**TASK INSTRUCTIONS:** In the entries that follow, find the line containing "1957 THE CONSUL" and the line containing "The Meaningful Manager", then copy exactly everything from the first through the second except the pictures.

**EXERCISE MATERIALS:**
▬▬▬

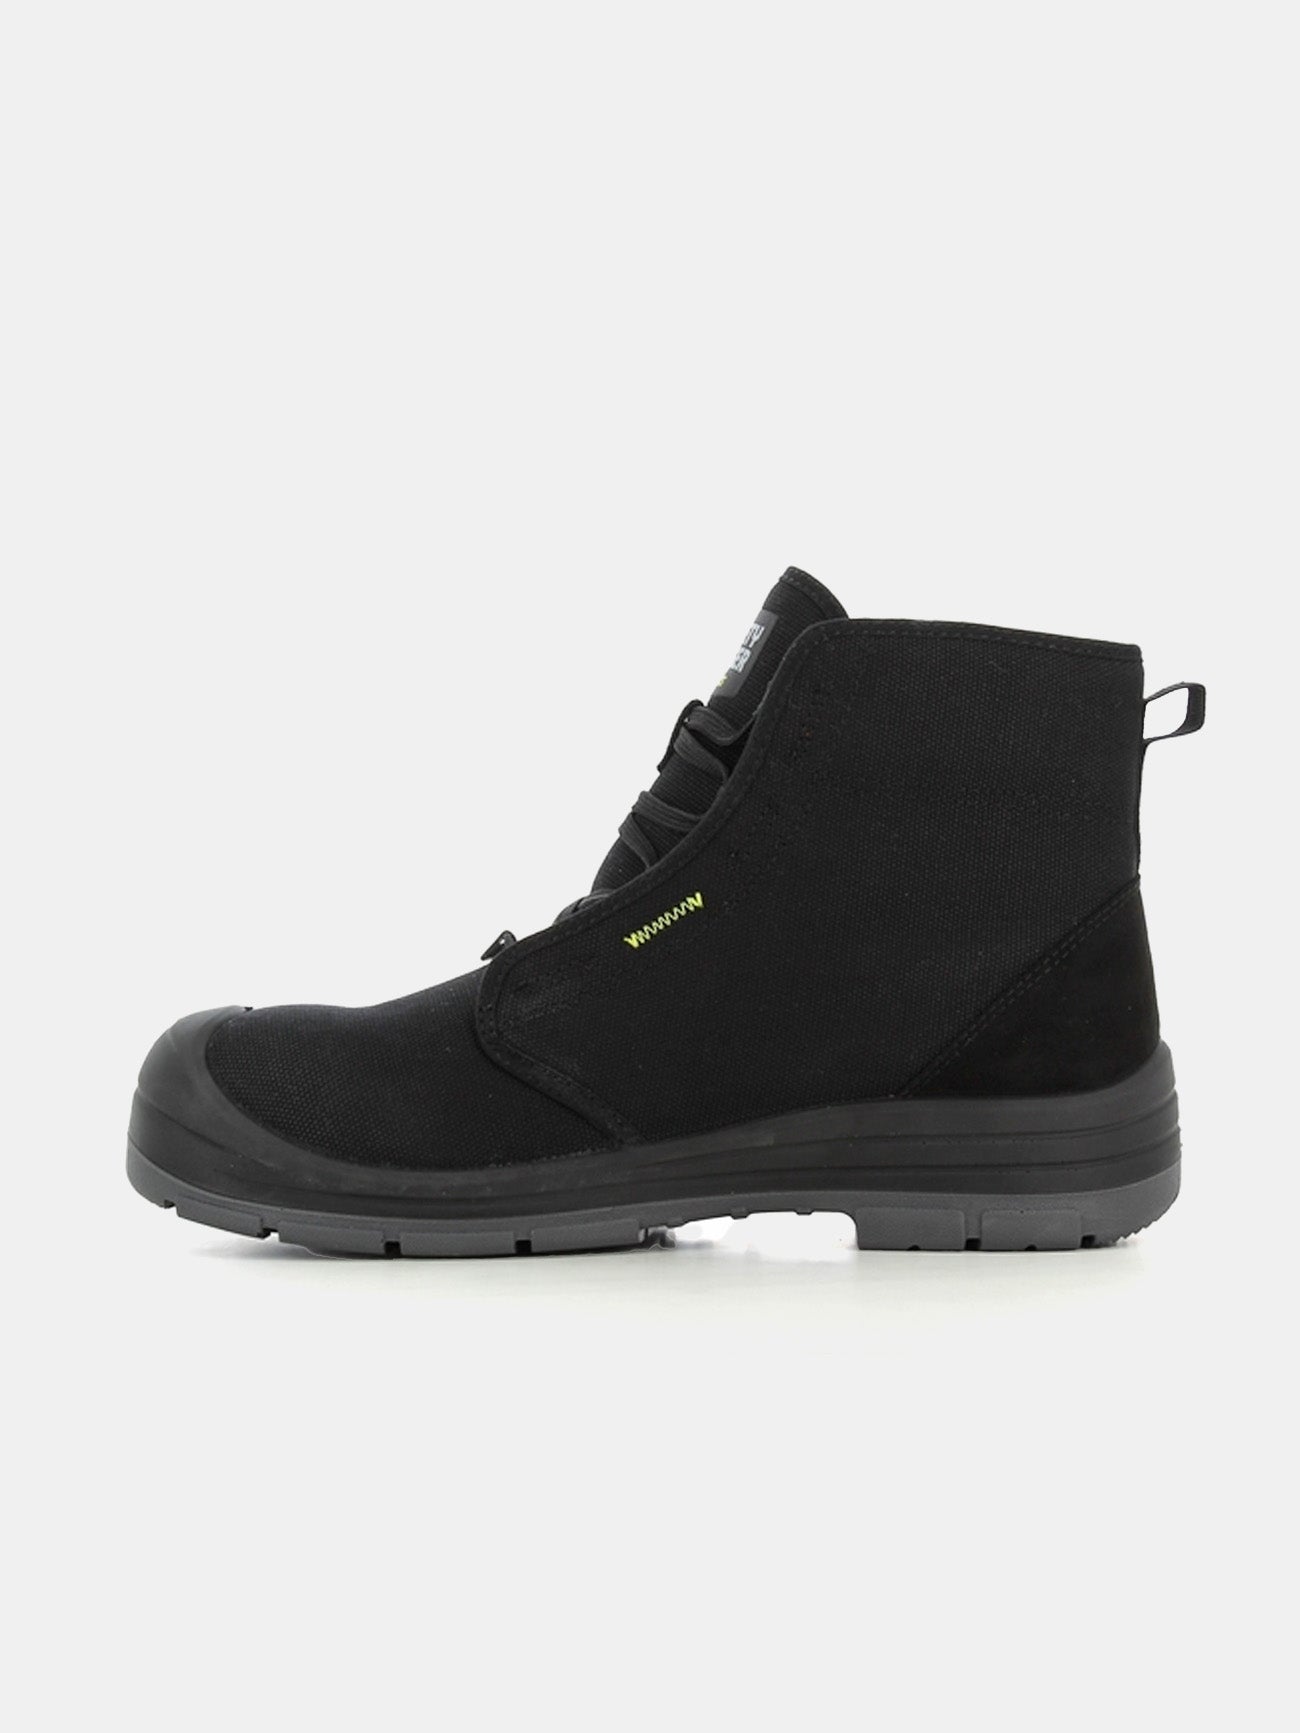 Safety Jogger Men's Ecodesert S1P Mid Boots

▬▬▬

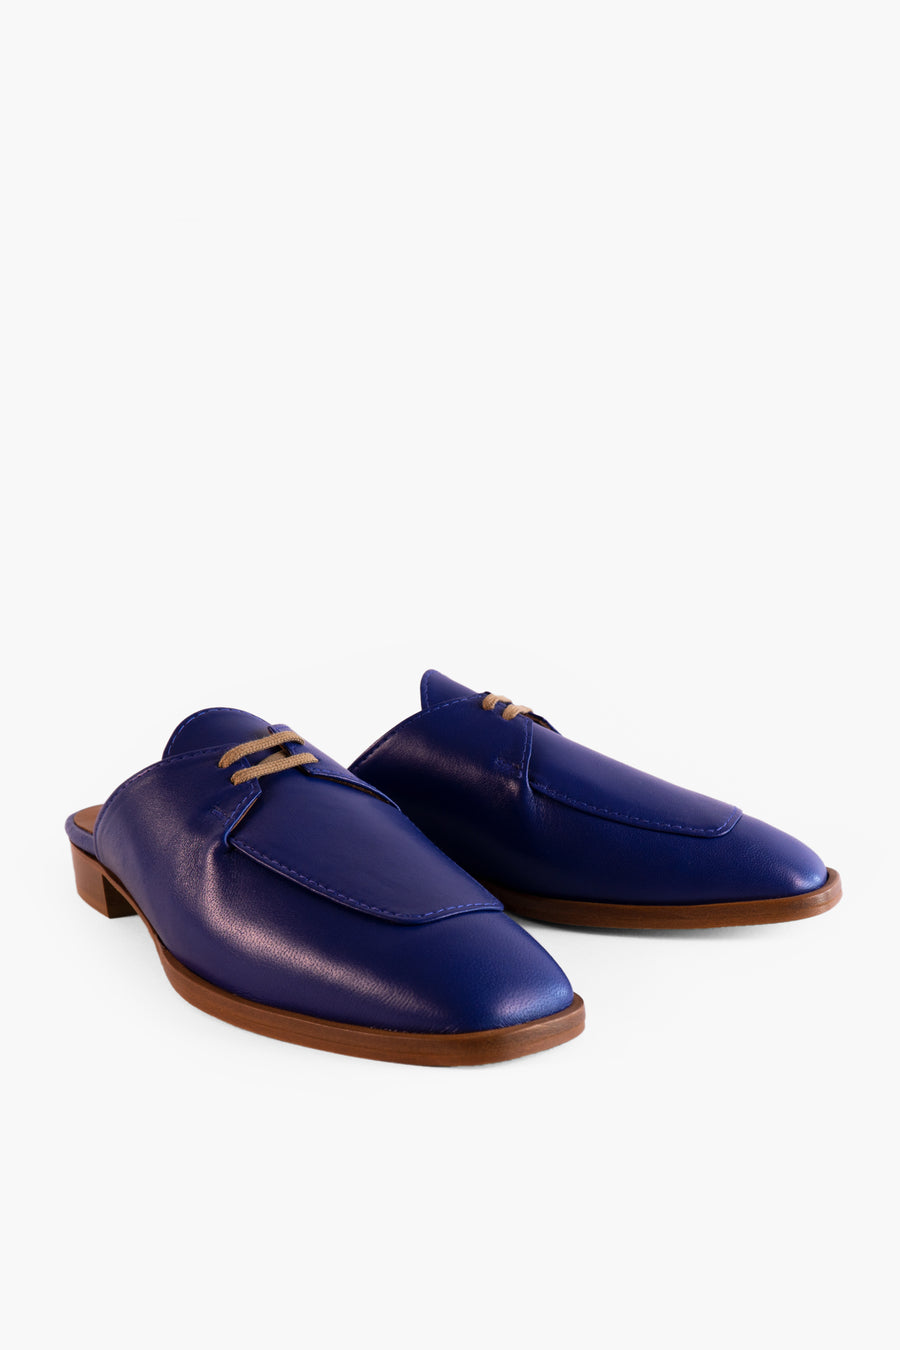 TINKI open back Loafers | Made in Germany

▬▬▬

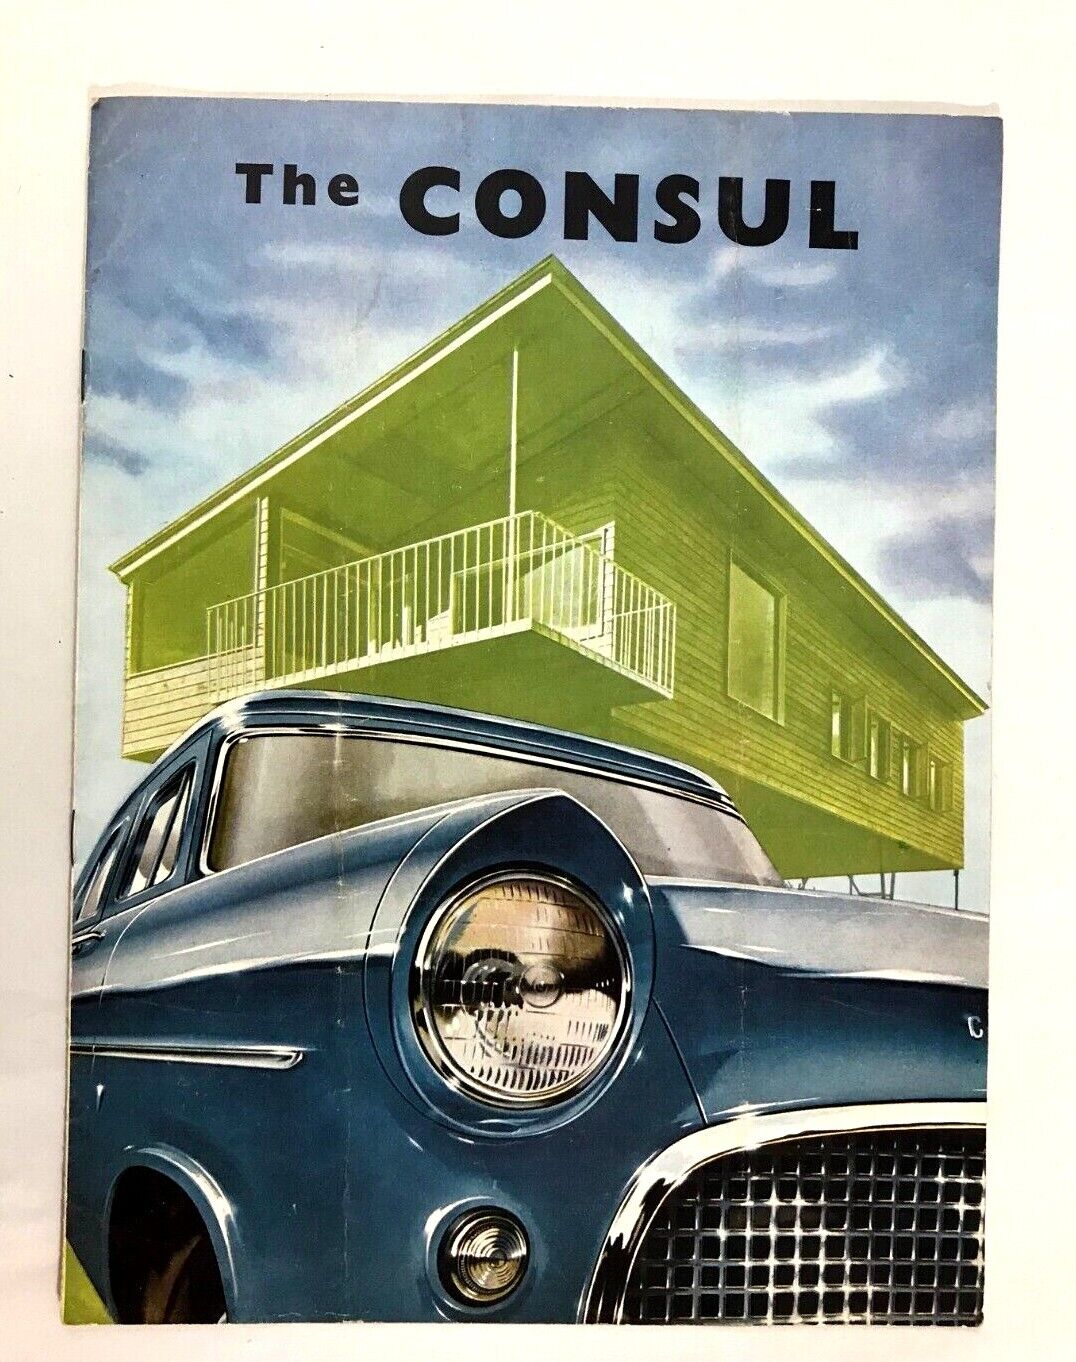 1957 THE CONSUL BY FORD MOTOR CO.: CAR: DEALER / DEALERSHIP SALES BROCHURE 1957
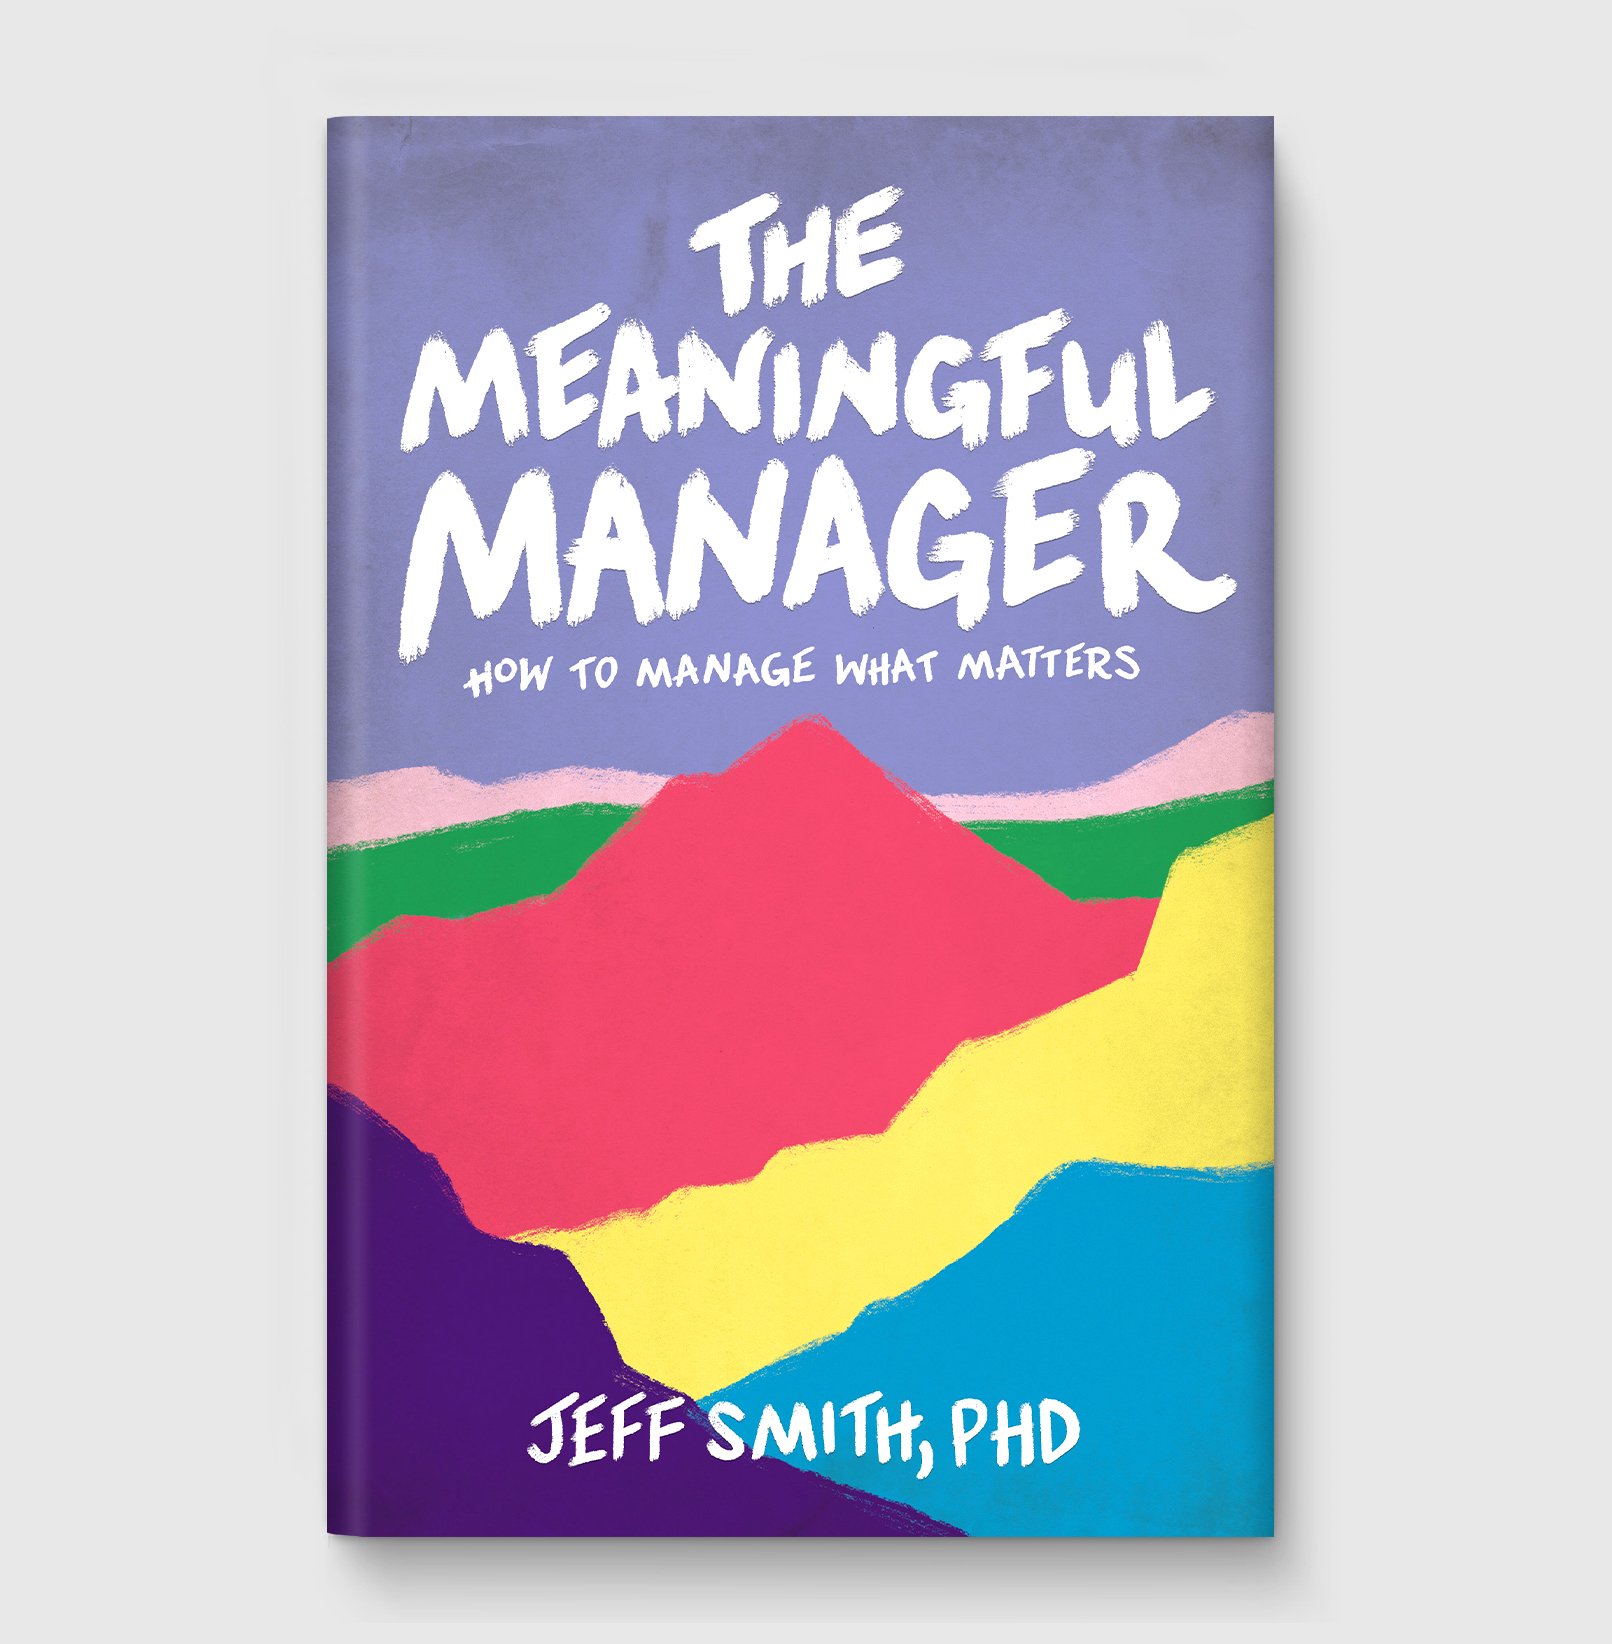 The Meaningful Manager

▬▬▬

**EXPECTED OUTPUT:**
 1957 THE CONSUL BY FORD MOTOR CO.: CAR: DEALER / DEALERSHIP SALES BROCHURE 1957
 The Meaningful Manager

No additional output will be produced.